Convergence: A watchword for 2011

Mary Stevens, Editor
Two of the major HIE news stories of the year were acquisitions. In August, UnitedHealth Group’s Ingenix Division bought Axolotl. Then, earlier this month, Aetna announced its acquisition of Medicity. Since these occurences, there has been a fair amount of punditry about what this might mean for the future of HIEs as we know them.

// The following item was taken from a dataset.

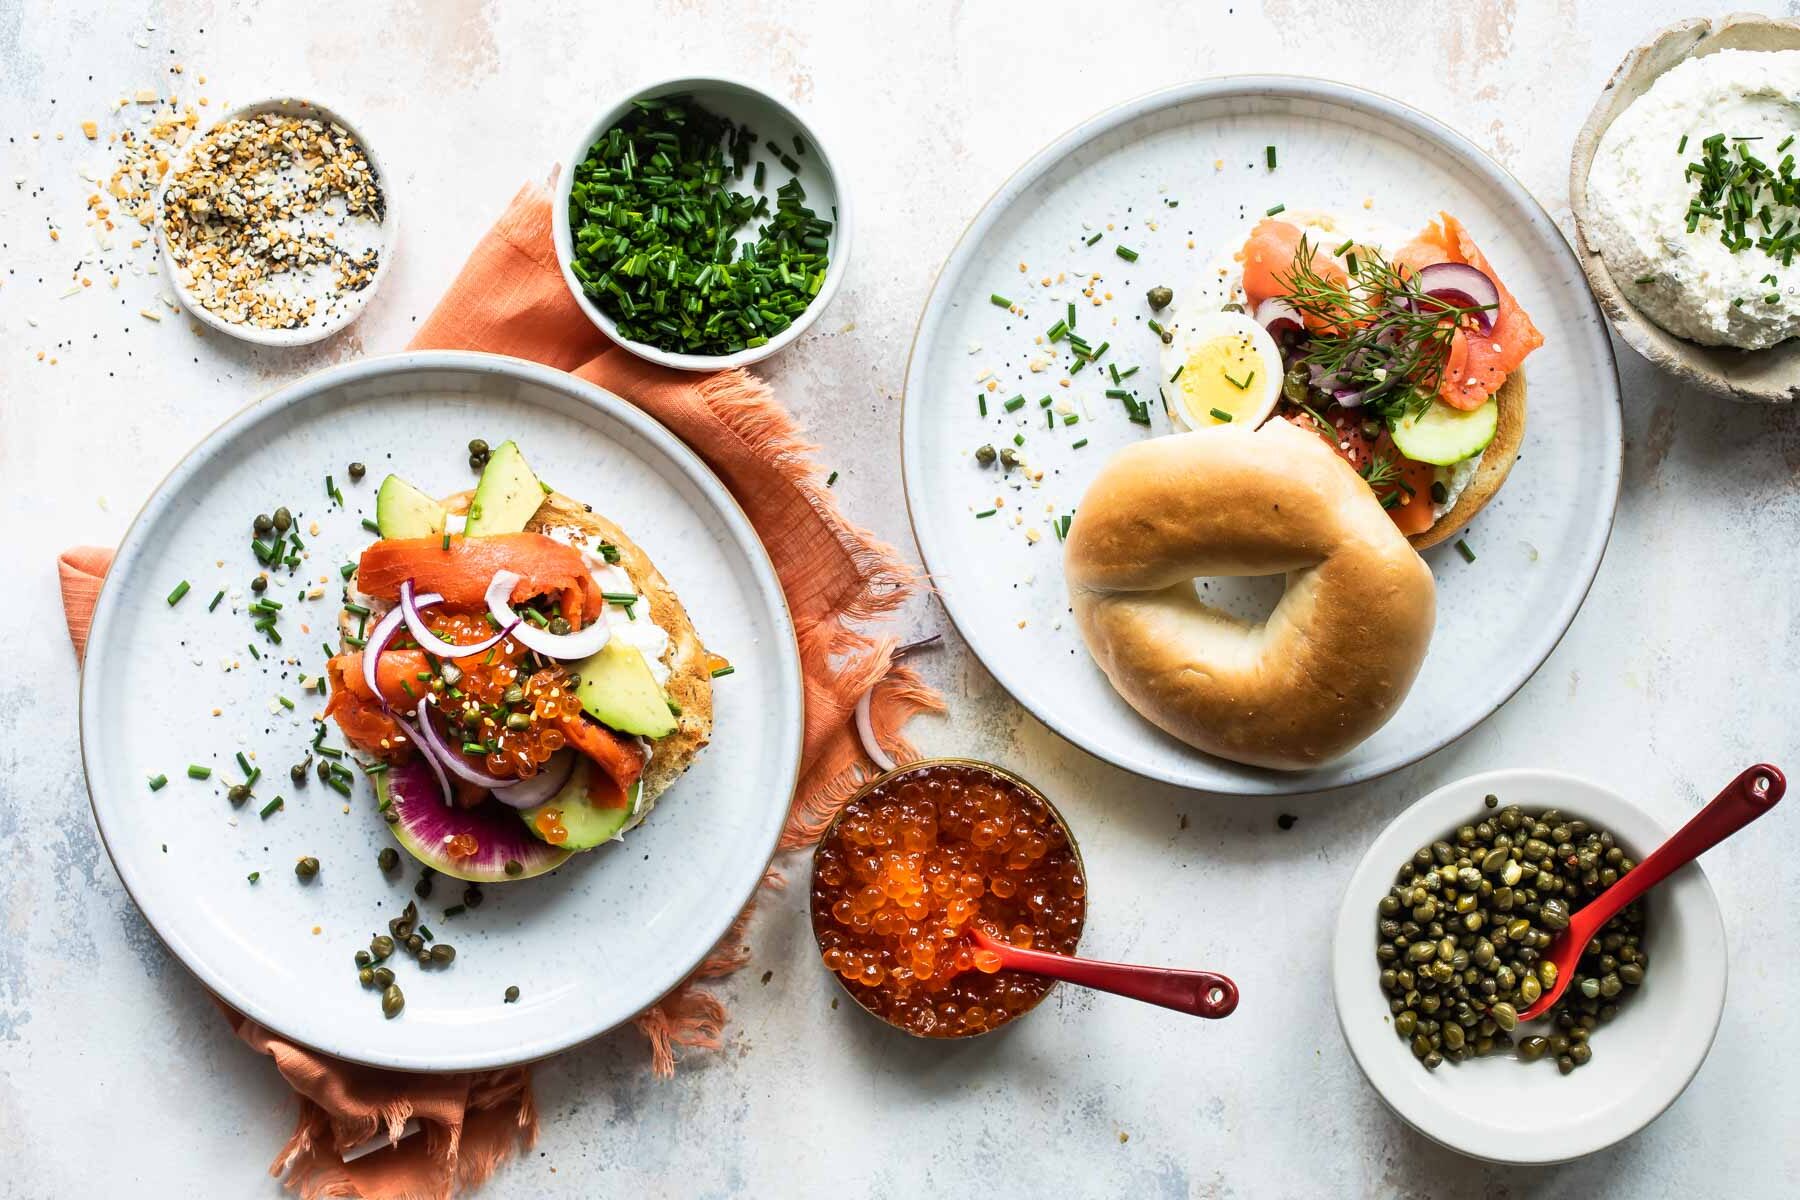 A bagel topped with smoked salmon, salmon roe, avocado, caviar, herbs, and vegetables.

Convergence is a word that came up often. There’s a push bring together administrative information and clinical information to benefit patients, said Medicity CEO Kip Lassetter, in a CMIO interview shortly after the announcement. Until now, however, these data have existed in two alternative realities, he said, with the built-out administrative infrastructure on one side and HIE systems, with their origins in billing systems on the other.

Both companies have had an eye on accountable care organization (ACO) models of care. Medicity’s HIE infrastructure plus Aetna’s administrative capabilities could be a potential infrastructure that includes a payor component and provides a complete ACO infrastructure. There’s an opportunity to partner with provider networks for an ACO-in-a-box, Lassetter said.

Since the acquisition, there has been a flurry of Medicity HIE client news. Even if these announcements are coincidental to the acquisition, on the whole they’re probably reassuring for Medicity in that  clients may be wary of having an insurance company so close to clinical data, but that doesn’t seem to be a deal-breaker.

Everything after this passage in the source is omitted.